─── INFORMATION SUPPLIED ───
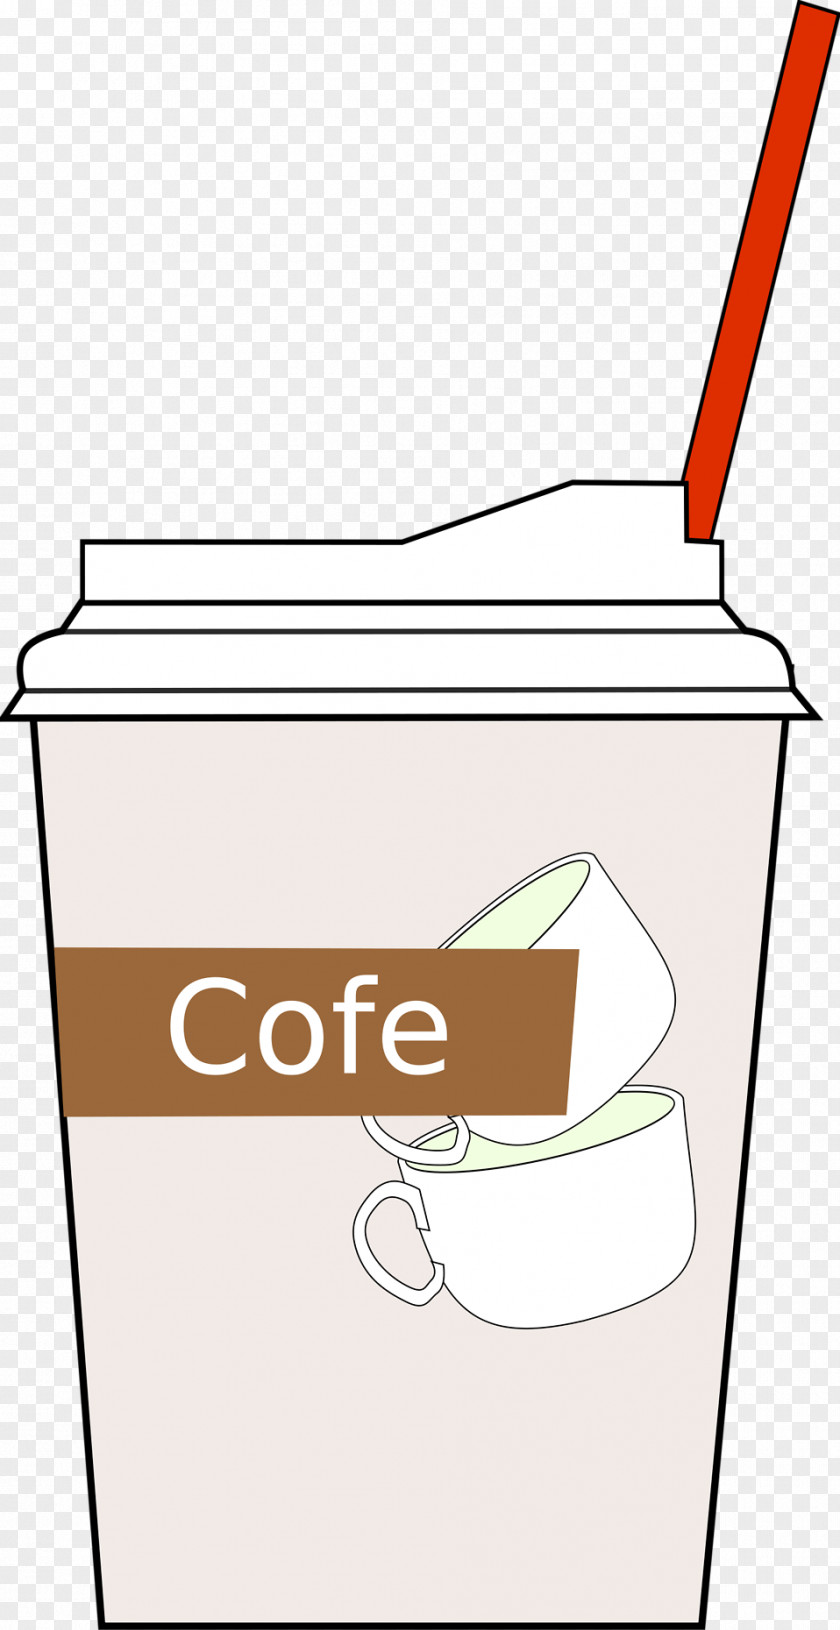 Coffee Cafe Iced Cup Clip Art PNG
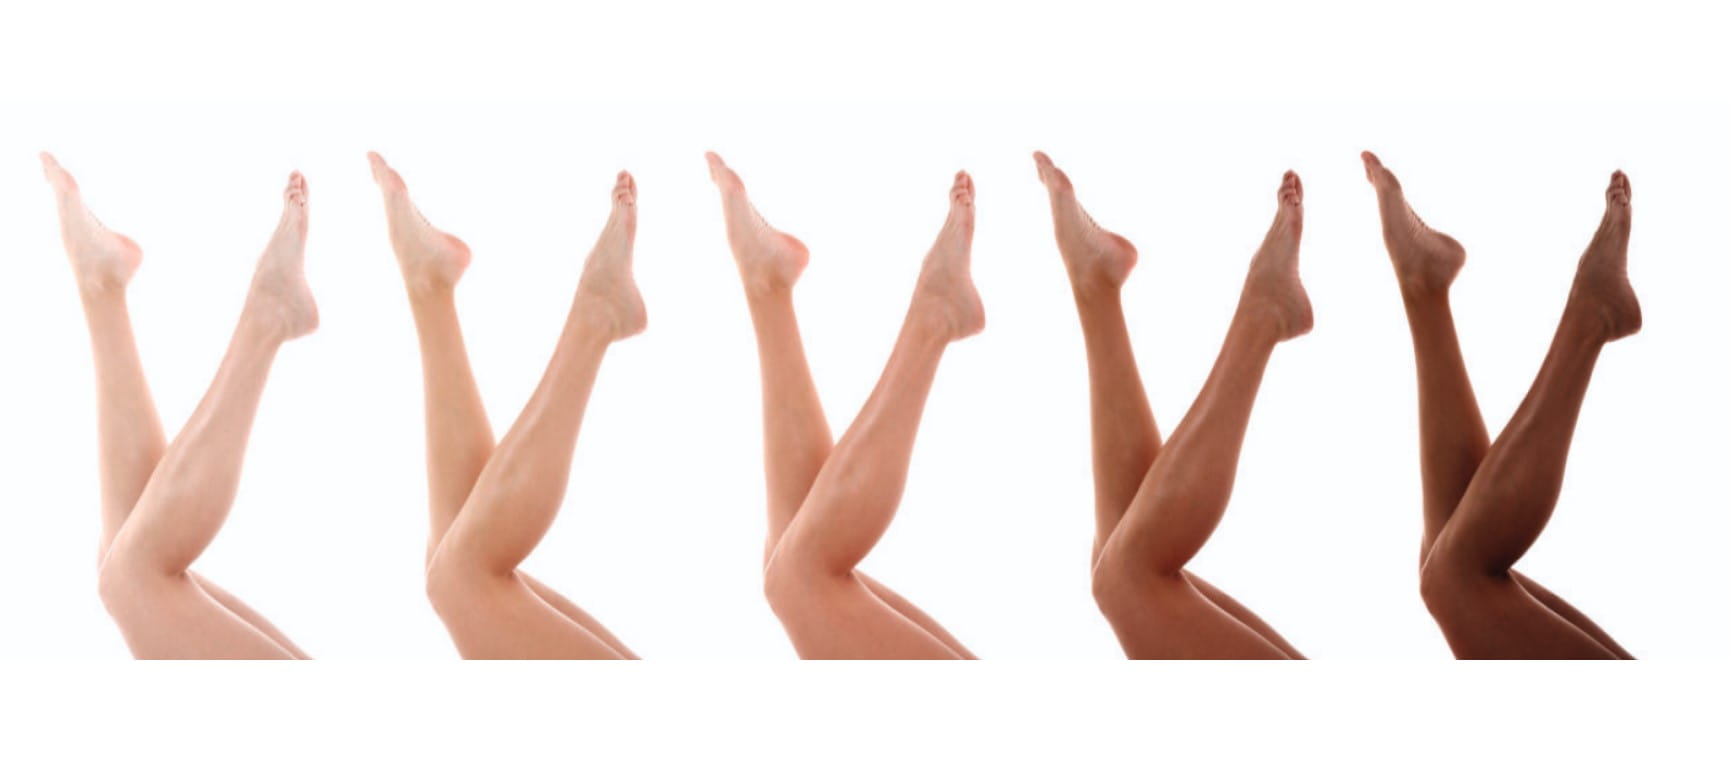 Five pair of legs in shades from very pale to very dark | Shutterstock
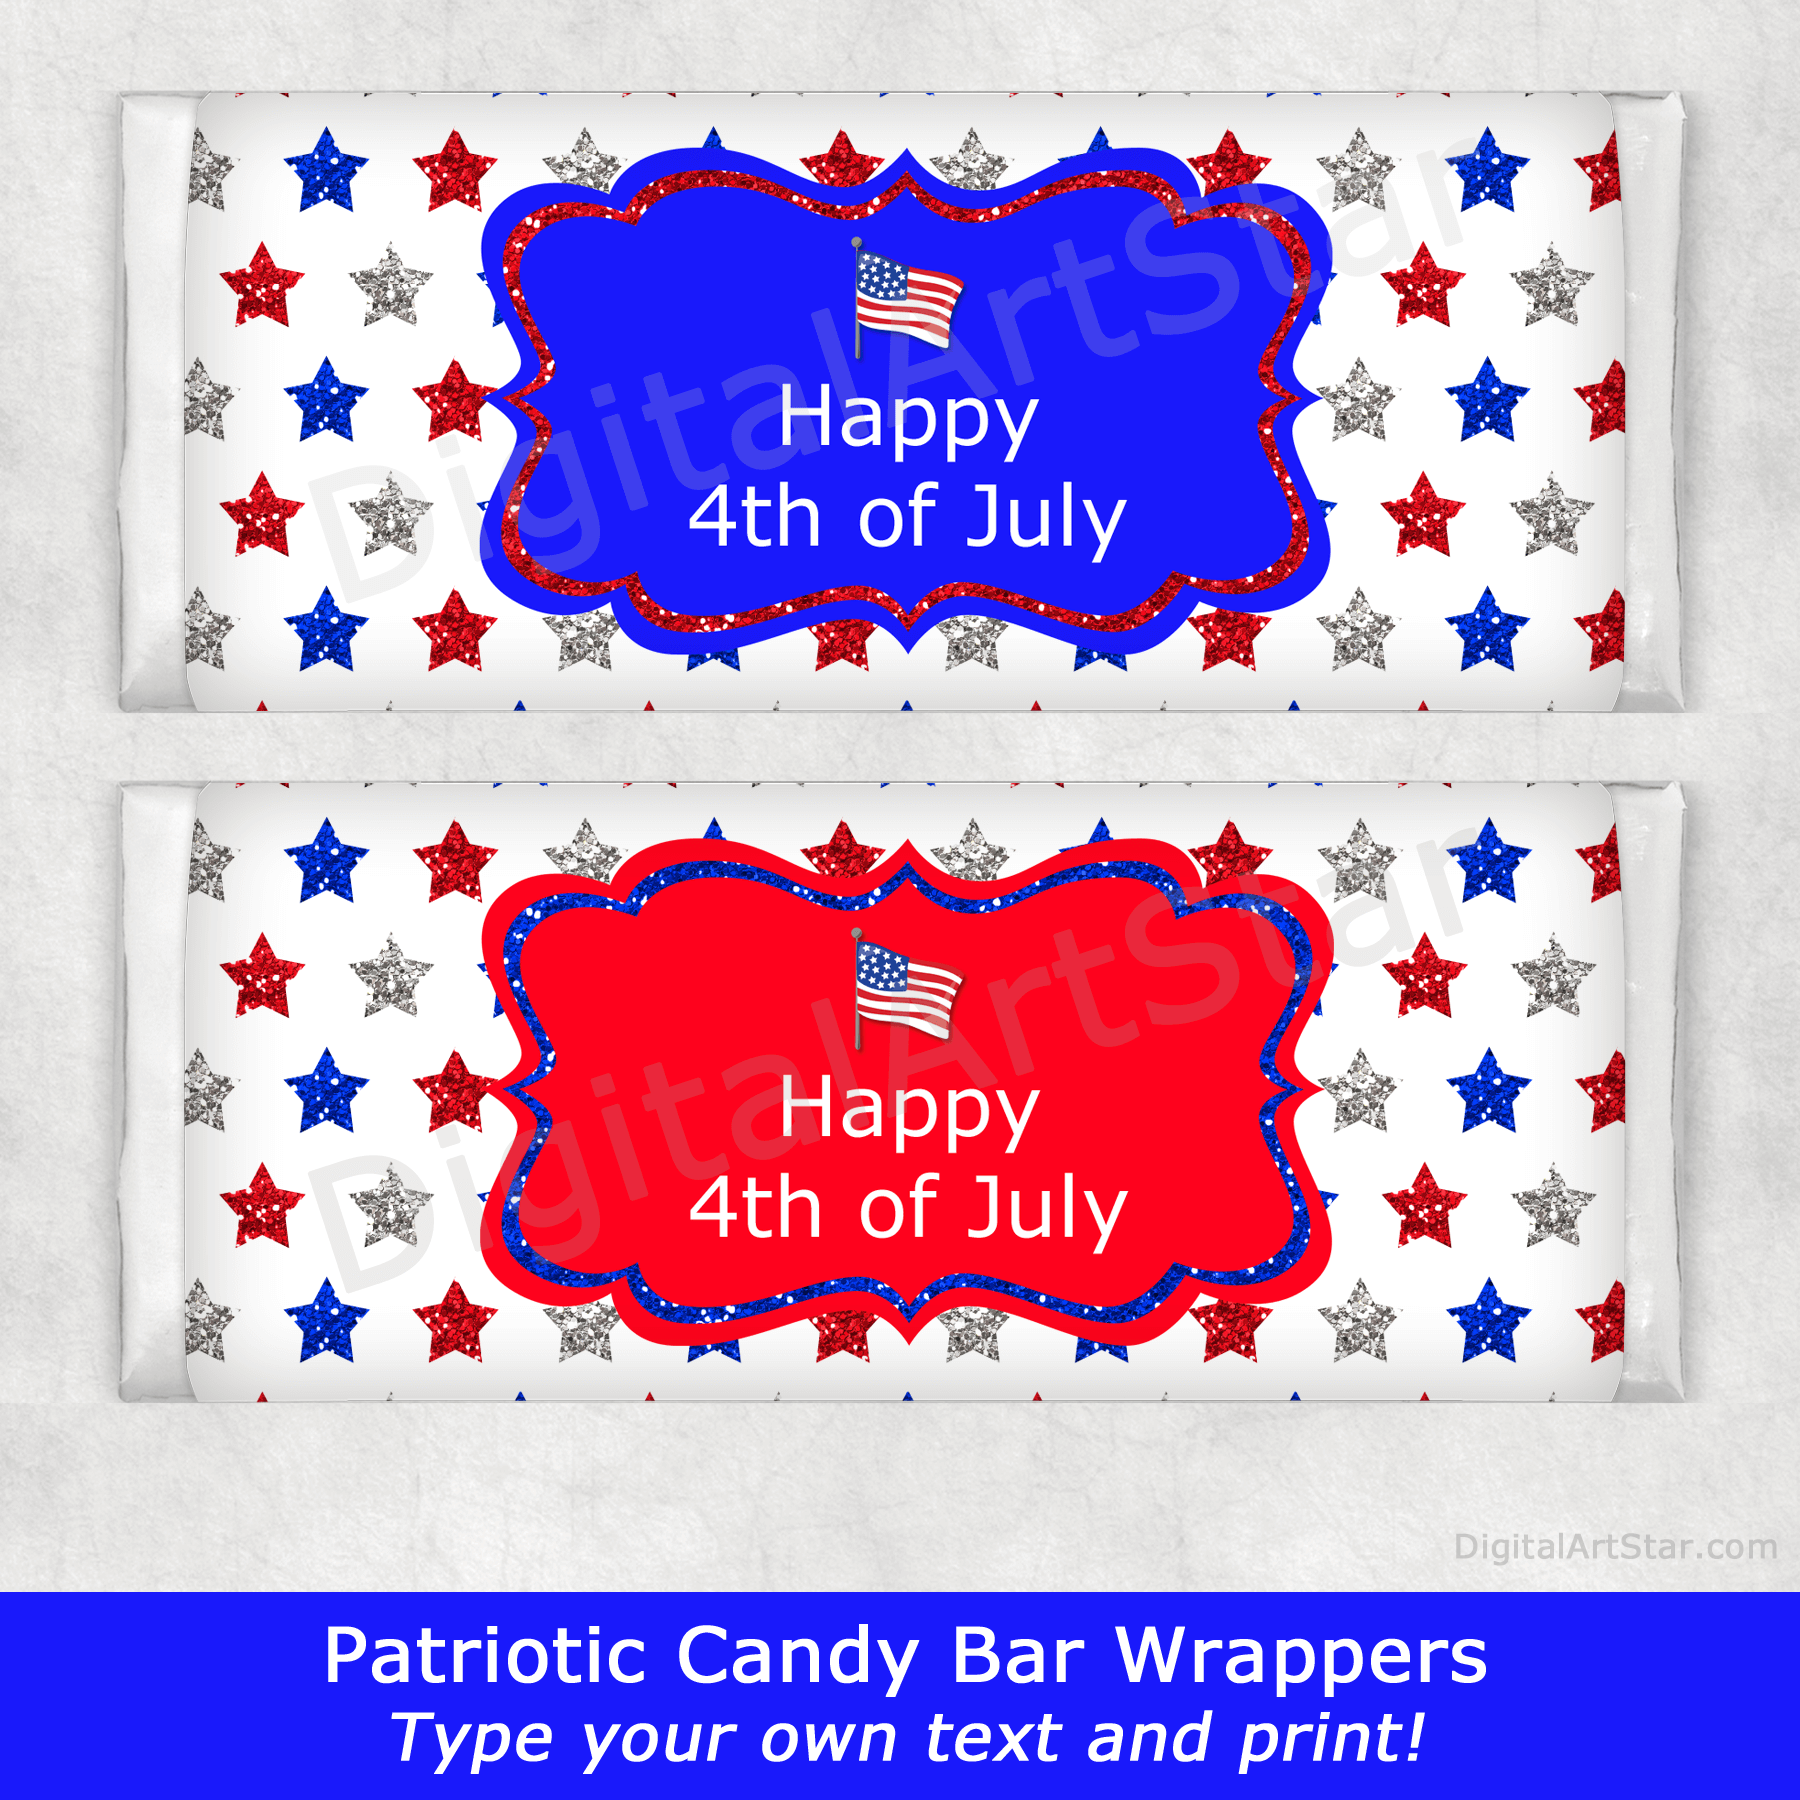 4th of July Candy Bar Wrappers with Red, White, and Blue Glitter Stars
───
## REQUIRED WORK
Without including any picture, reproduce all of the material exactly.

## EXERCISE RESULT
 Coffee Cafe Iced Cup Clip Art PNG
 Five pair of legs in shades from very pale to very dark | Shutterstock
 4th of July Candy Bar Wrappers with Red, White, and Blue Glitter Stars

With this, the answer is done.